I grew up in post-fascist Italy, and some horrendous things had gone on in the village where I lived. I met some of the people who were rumoured to have participated in the atrocities, and heard many stories.
And I must say, at some point, when I was 15 or so, I looked at myself and, thinking of those so ordinary people who lived as I did, asked: «Are you sure that if you had been trapped in the circumstances they were in, with your brains washed by fascism taught by your elders, you would not have done as they did?» I have been asking myself that question for 40 years now, and if I am honest, I can still not answer: «No, I would never ever done those things».
Those people had been in prison, and had been released after a few years.

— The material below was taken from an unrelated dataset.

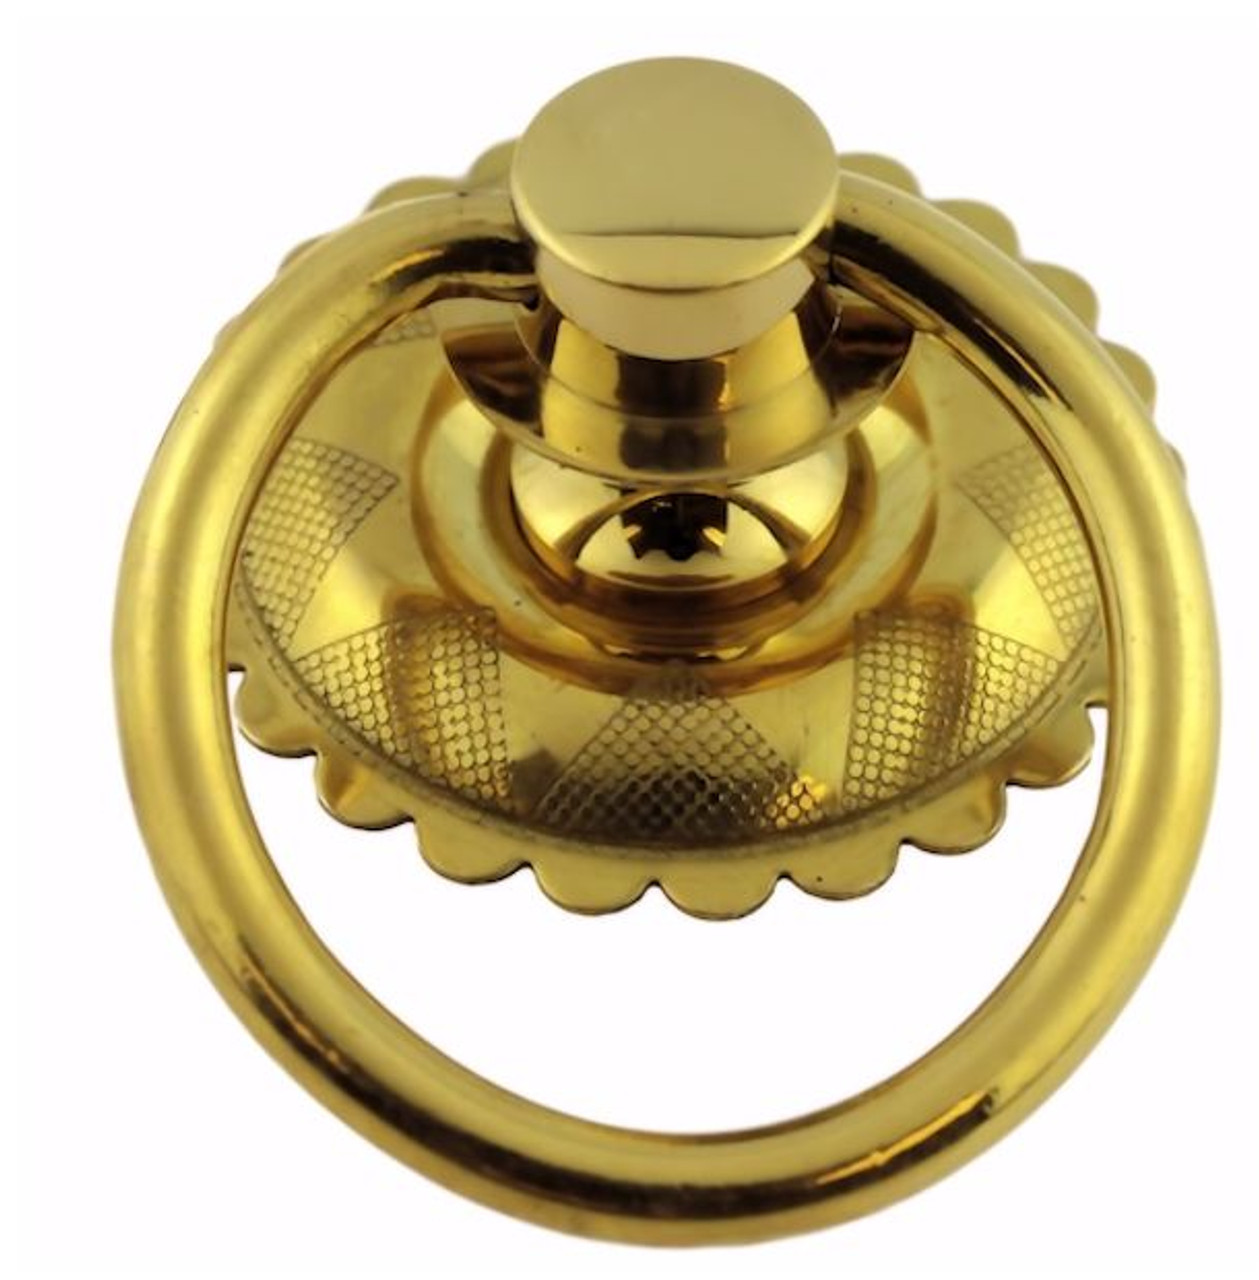 Solid Brass Oval Cabinet Knob in Antique-By-Hand - 1 1/4 x 7/8

Charles Graner should probably be in prison, even though I have to ask, why him alone (even not taking Bush & Co into account), why not his immediate superiors?
And what I cannot condone are the conditions. What do they want? Show him what it felt being tortured? Does this have to go on and on and on? I am ready to bet he got it now - he should be rehabilitated. That would be democracy. Nelson Mandela has shown the way.
I suppose the way Graner is treated is a way the poeple who decided on treating him thus use to show they have nothing in common with him.
I have to ask them my question: «Are you sure that if you had been trapped in the circumstances he was in, with your brains washed by theories taught by your elders, you would not have done as he did?»
The way Graner is treated is already the beginning of an answer. Not a good one.